Data provided

- - -

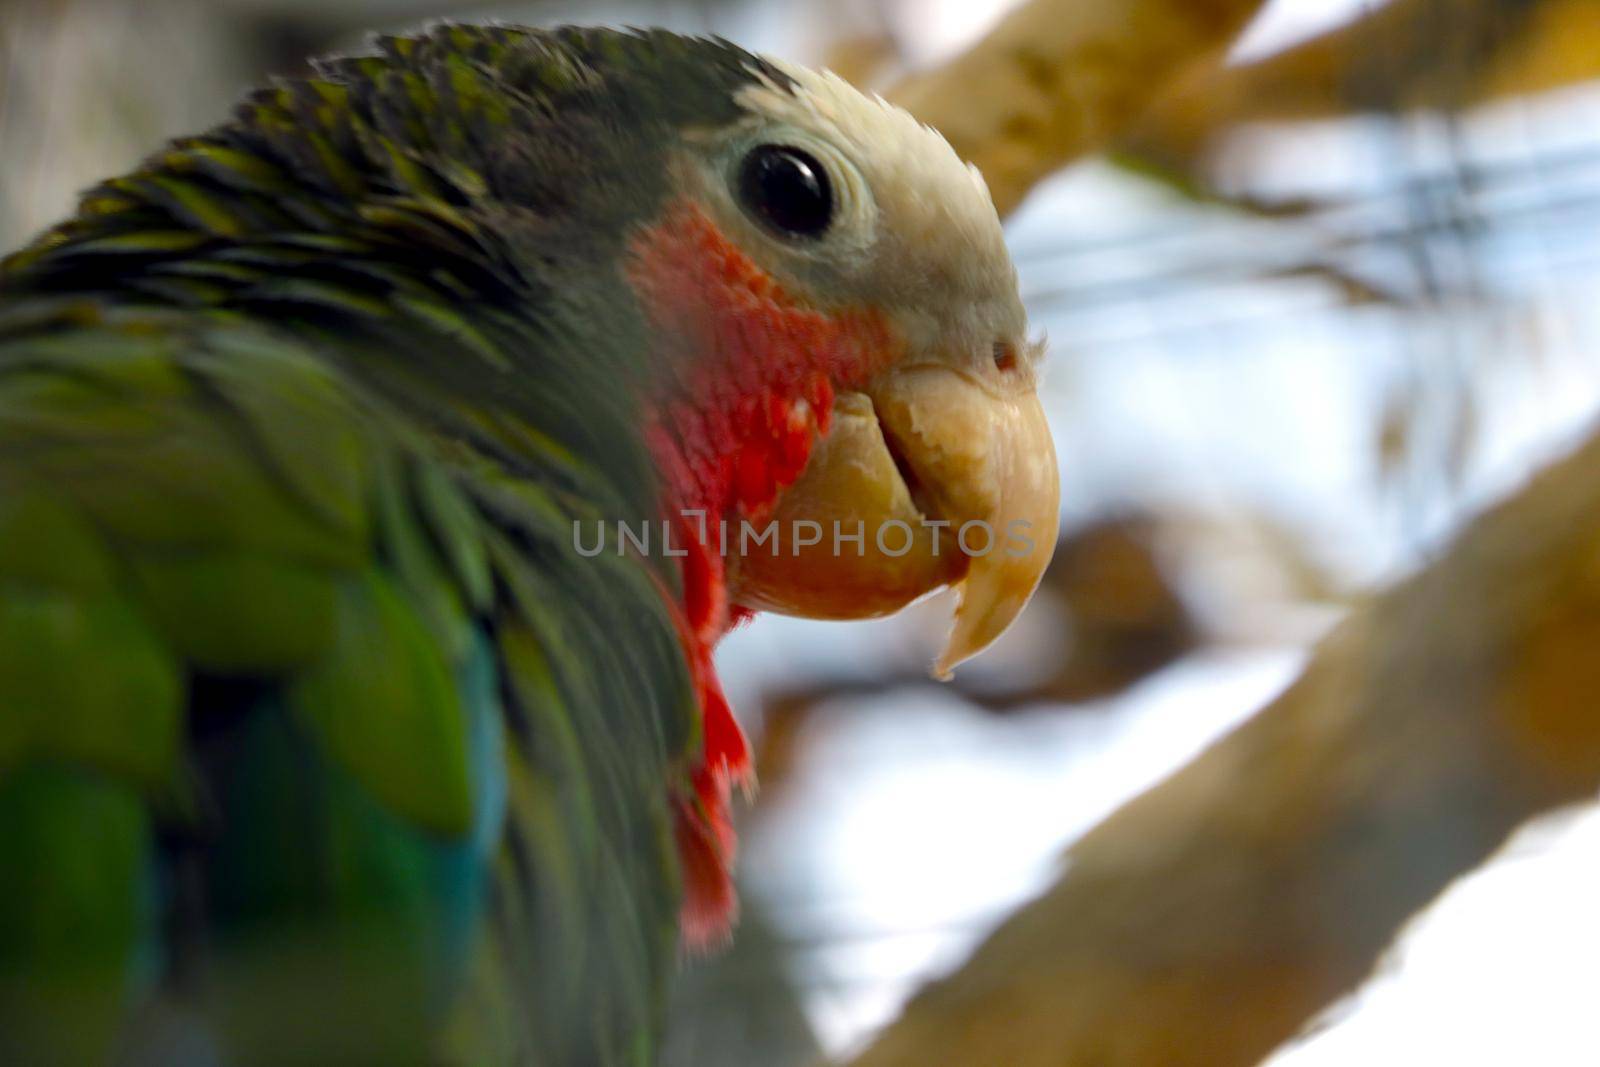 On the branch sits a beautiful domestic parrot. by kip02kas
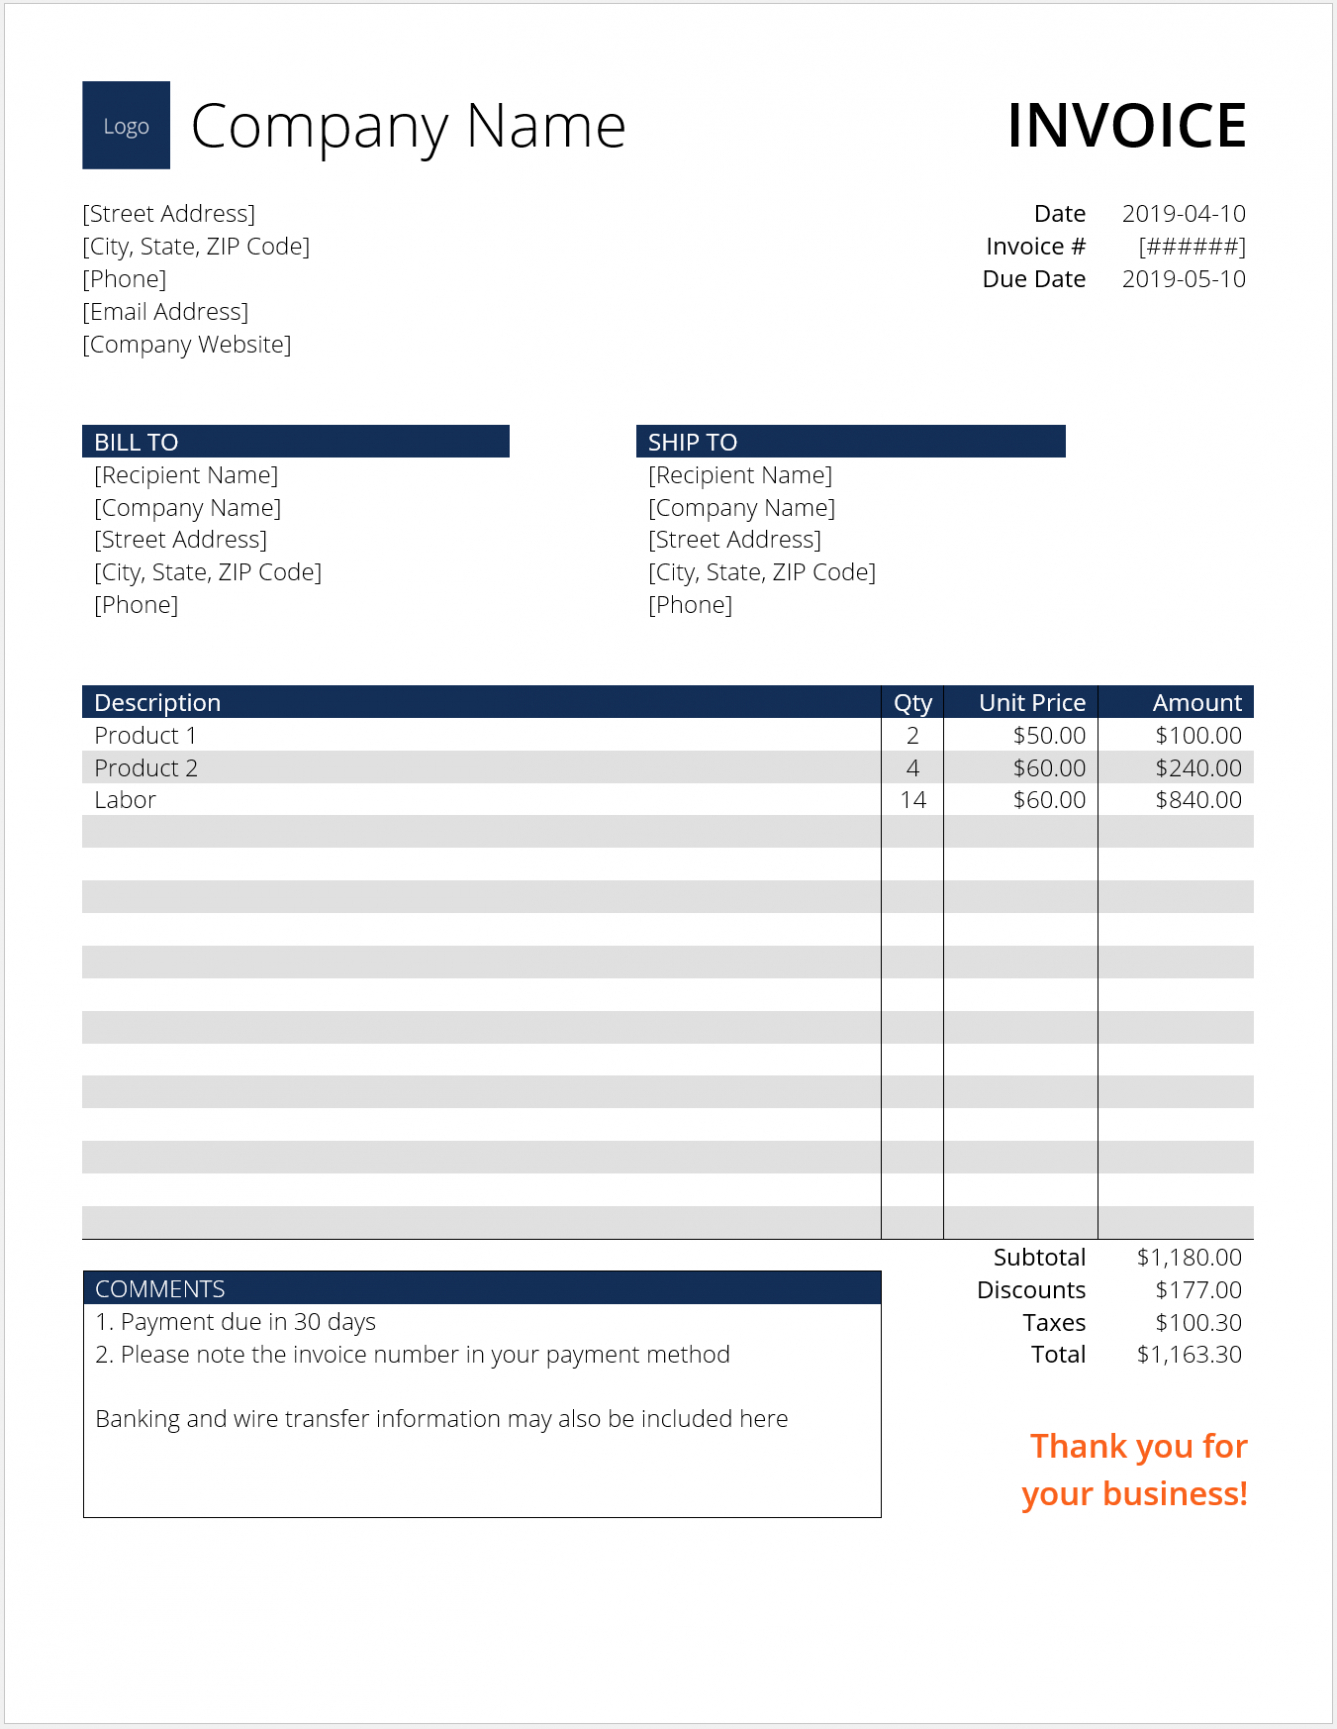 Invoice Template (Word) - Download Free Word Template inside Sample Invoice Template Word
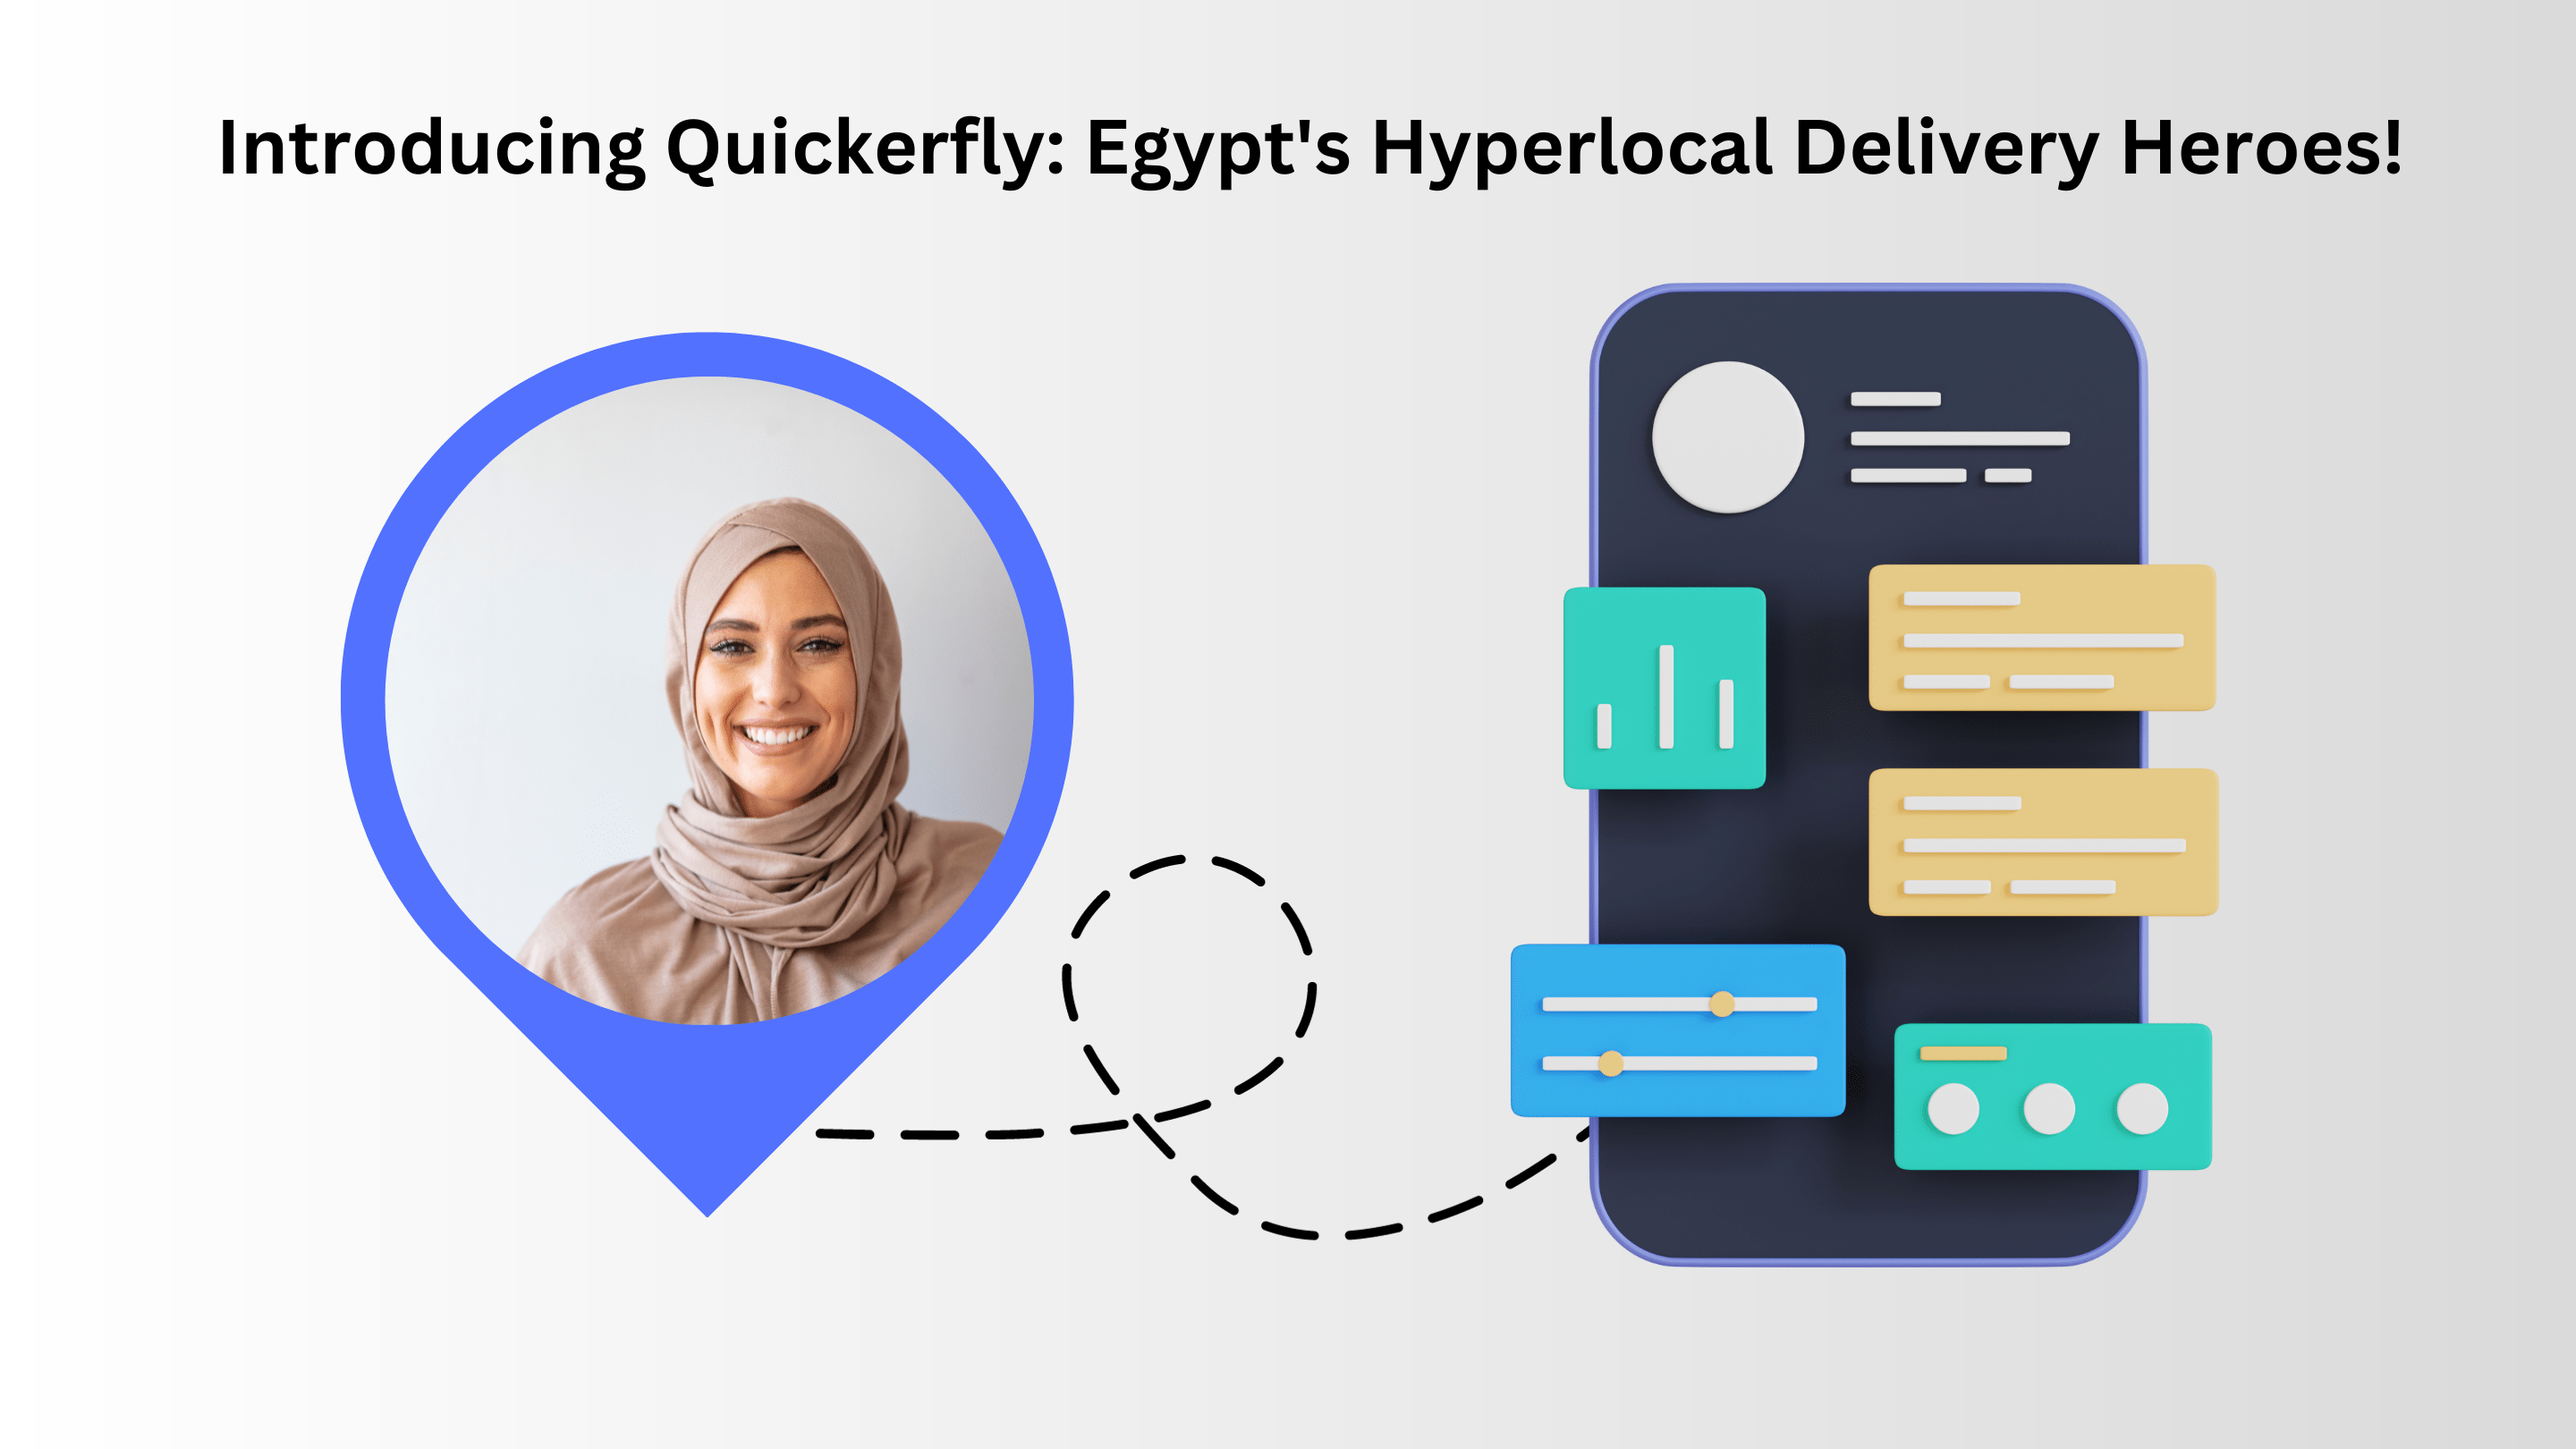 an image about how Quickerfly is Egypt's Hyperlocal Delivery Heroes

- - -

Since the listing holds pictures, return everything else in it exactly and omit those.

 On the branch sits a beautiful domestic parrot. by kip02kas
 Invoice Template (Word) - Download Free Word Template inside Sample Invoice Template Word
 an image about how Quickerfly is Egypt's Hyperlocal Delivery Heroes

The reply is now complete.